Imperfect Mandela Boasts Worthy Performances and Ideals
- Wednesday, December 25, 2013
DVD Release Date: March 18, 2014
Theatrical Release Date: December 25, 2013
Rating: PG-13 (for some intense sequences of violence and disturbing images, sexual content, and brief strong language)
Run Time: 139 min
Director: Jeff Nichols
Cast: Idris Elba, Naomie Harris, Tony Kgoroge, Riaad Moosa, Lindwe Matshikiza, Terry Pheto
Nelson Mandela became one of the towering international figures of the 20th century, with a global influence that ranked alongside the likes of Gandhi and Martin Luther King, Jr., and even ascended to the top of the political structure that once oppressed him. The biopic Mandela: Long Walk To Freedom takes a lionizing - and fairly standard - look at the life of this South African revolutionary, while also contextualizing the more debated aspects of his life that led some to label Mandela a terrorist – even in death.
Like the most traditional film biographies, Mandela: Long Walk To Freedom does its best in two-plus hours to serve as a highlight reel of the man’s entire life. That approach has grown tired, generally speaking, as more recent biographies have focused on central moments within a figure’s story (like the recent Lincoln) that defined the life as we’ve come to historically know it. But the cast – led by emerging star Idris Elba (Prometheus) in the title role – imbues this history lesson with conviction and vigor, which makes it compelling and worthwhile if not entirely powerful.

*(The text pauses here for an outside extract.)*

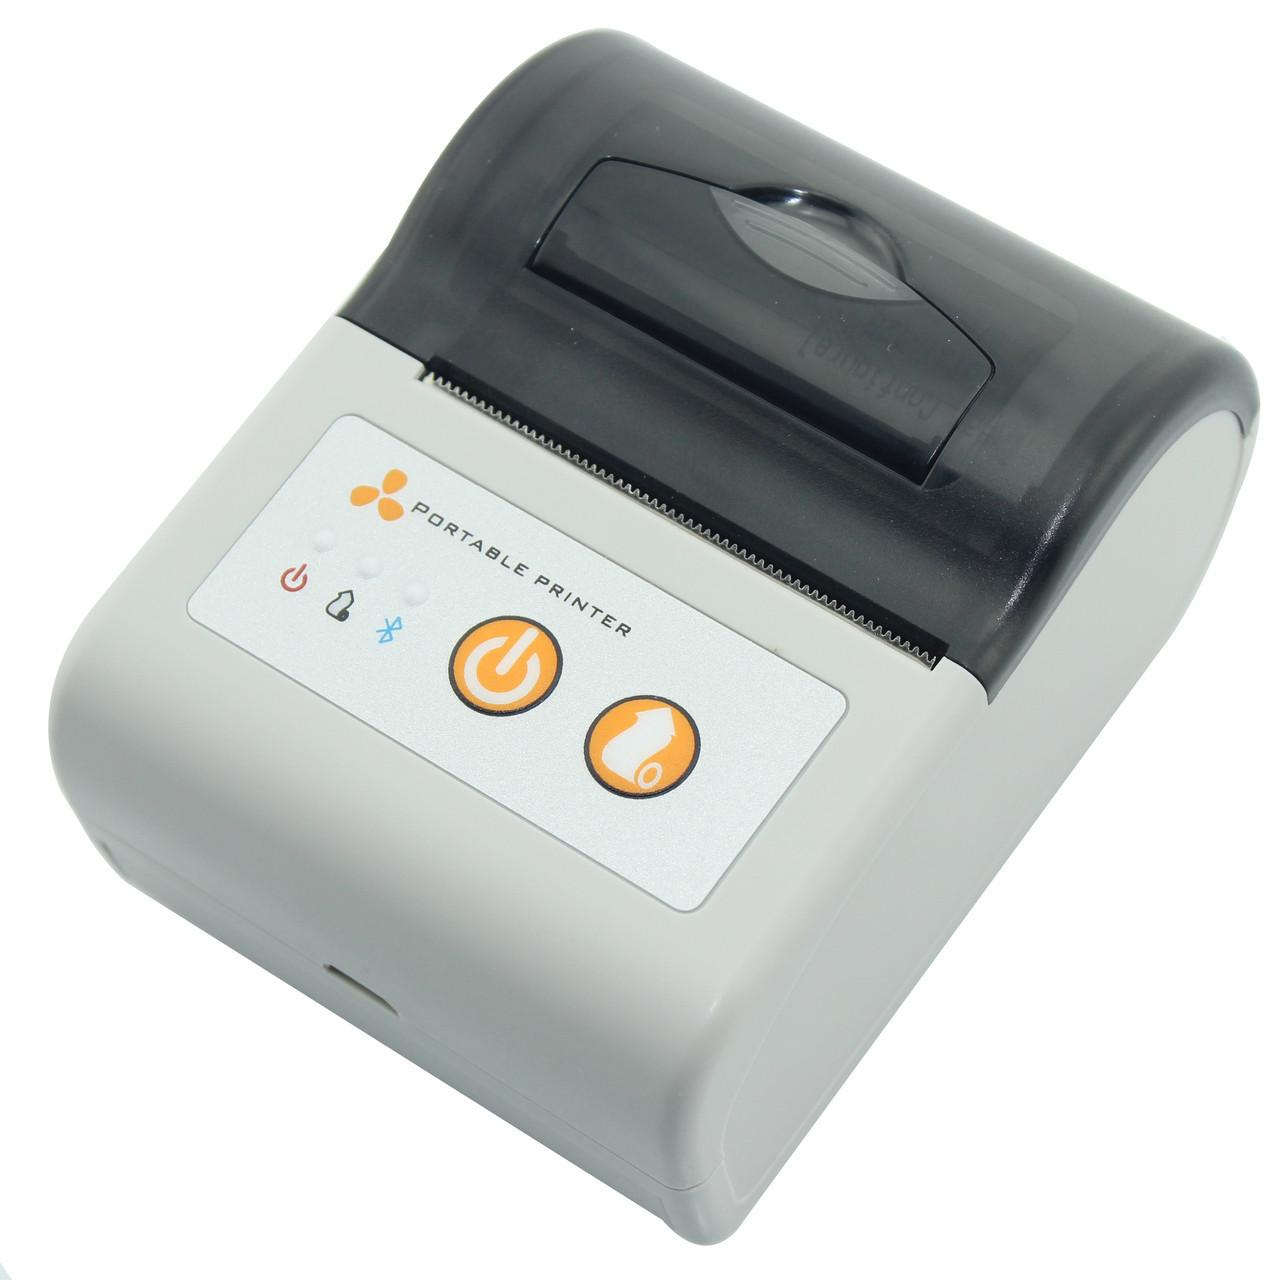 Принтер етикеток AsianWell AW-58A білий, мобільний, бездротовий, bluetooth (AW-58A)
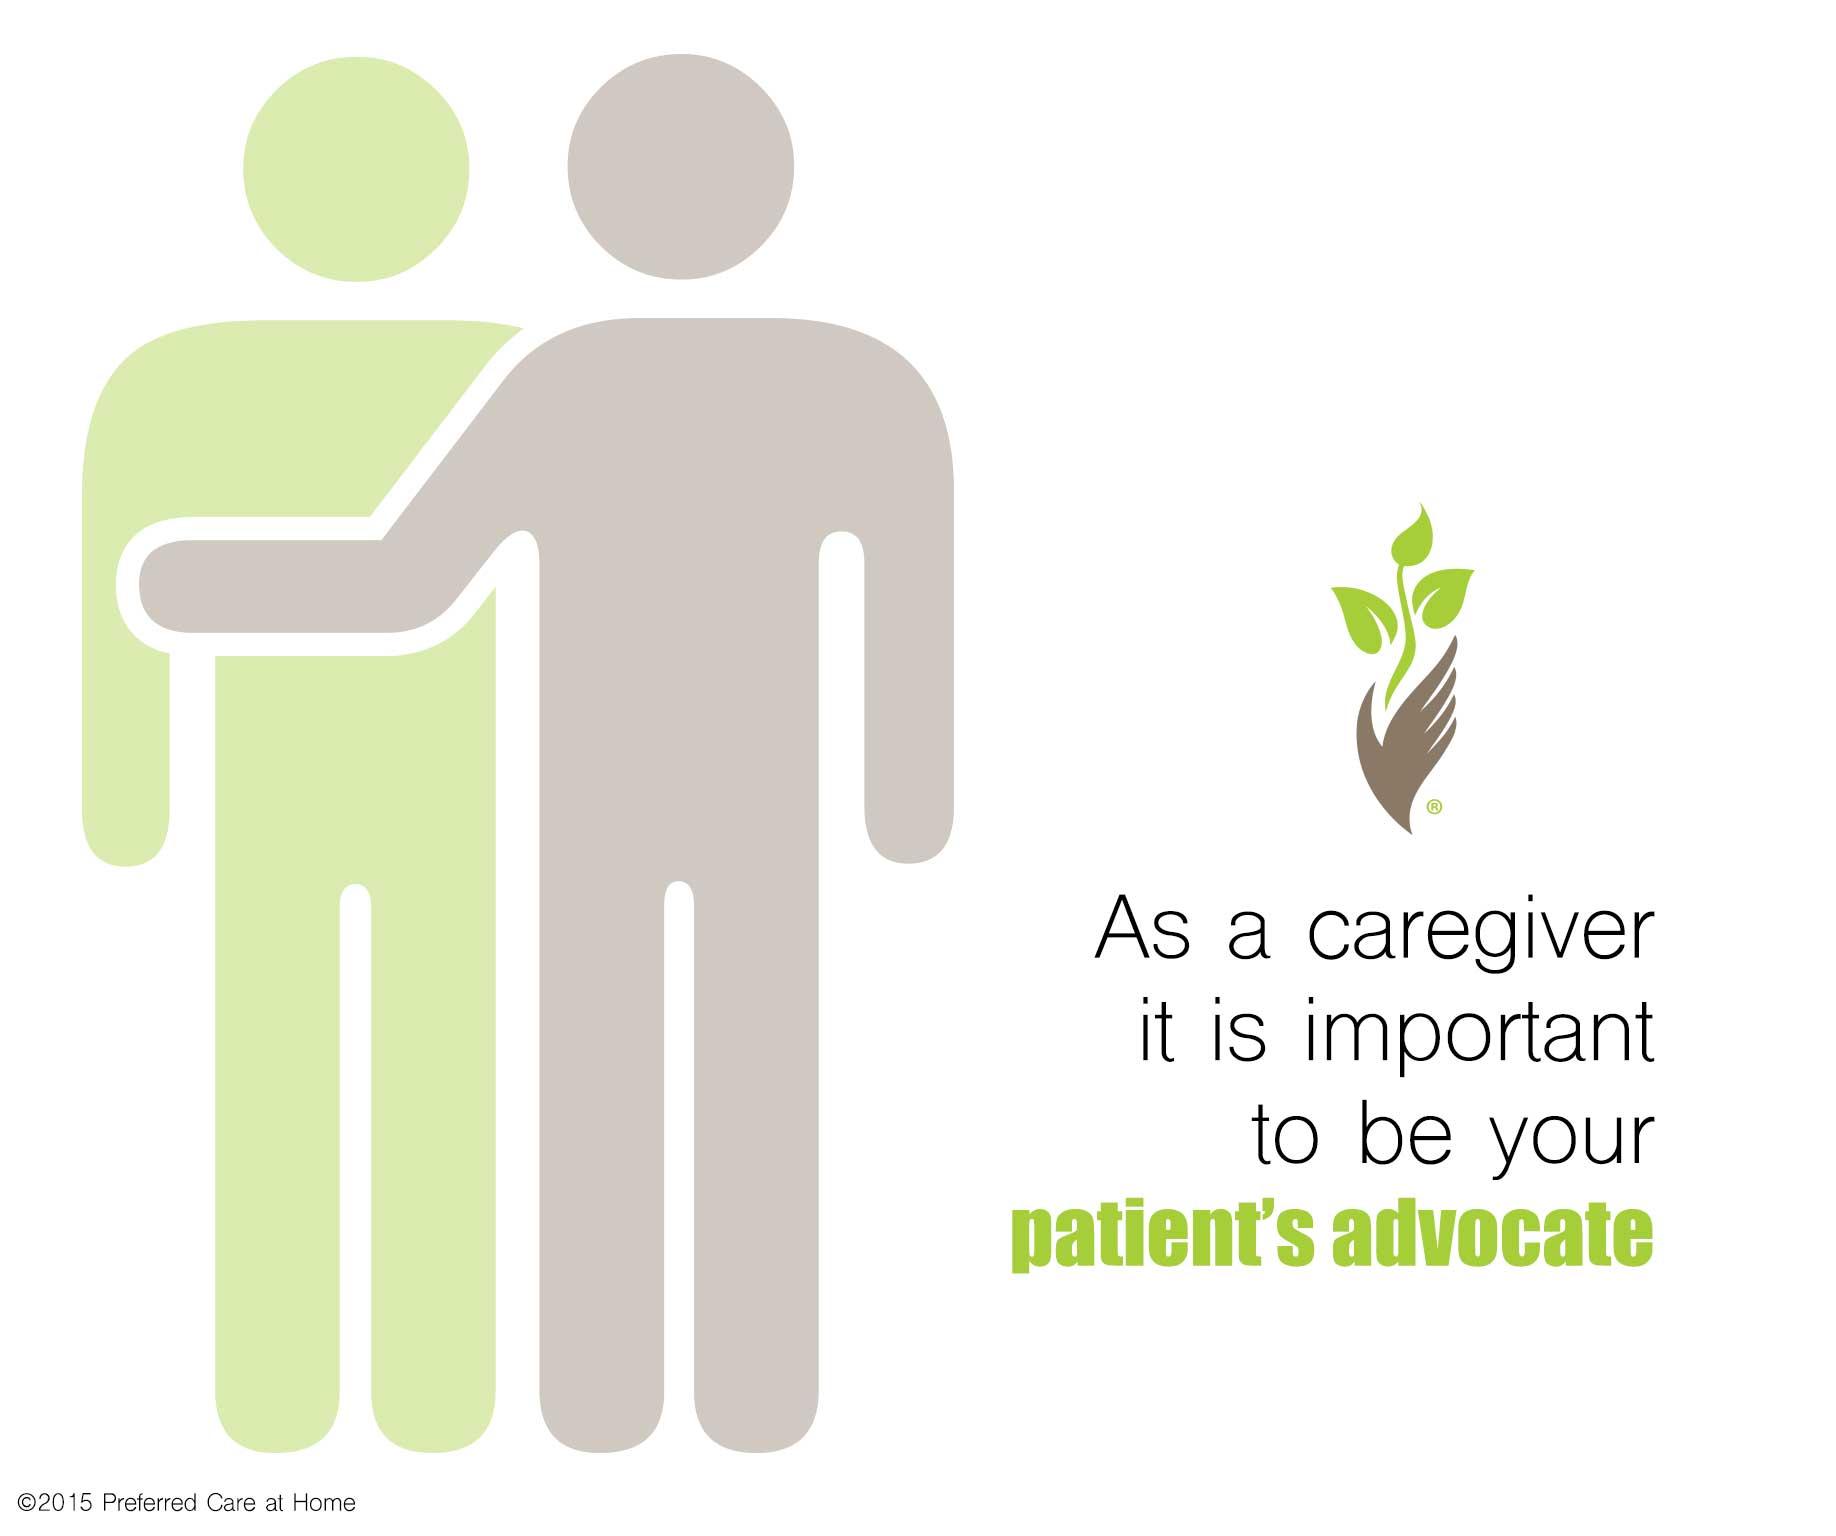 Caregiver - Patient's Advocate

Rising from tribal roots, Nelson Mandela achieved the dreams of his parents: he received an education and, eventually, became a lawyer. But as the minority white population developed its political stranglehold (which came to be known as Apartheid), Mandela found himself evolving from an administrator of the law to one who rebelled against it. Not only did the law leave no recourse for the oppressed but it didn’t even hold true to the ideal of equality like, say, the U.S. Constitution did for Martin Luther King, Jr. Apartheid was not a "separate but equal" oppression; it was legalized racism that defined Africans as less than fully human.
In Mandela’s early adult years, we see him both as a vibrant and respected member of the community while also philandering around behind his first wife’s back. He was a man of passion, expressed both in altruistic and selfish ways. As a member of the rebel political group The African National Congress, Mandela became a leader through his powers of speech and persuasion on the streets of Soweto, Cape Town, and elsewhere. But as years of peaceful protests led nowhere, Mandela and the ANC resorted to targeted bombings in the 1960s. That led to his imprisonment – along with his closest ANC allies – for nearly three decades.
The combination of his political action and personal sins led to the dissolution of Mandela’s first marriage. Family would continue to serve both as catalyst for and victim of Mandela’s call, most notably in his second marriage to Winnie, a union first defined by solidarity that ultimately disintegrated. Nelson’s incarceration was a key factor, but even more so was Winnie’s embrace of tactical violence (we see her use of "necklacing" to punish fellow Africans deemed traitors to the cause by burning them alive with a gas-filled tire around their necks) while Nelson was growing more practical, political, and pacifistic.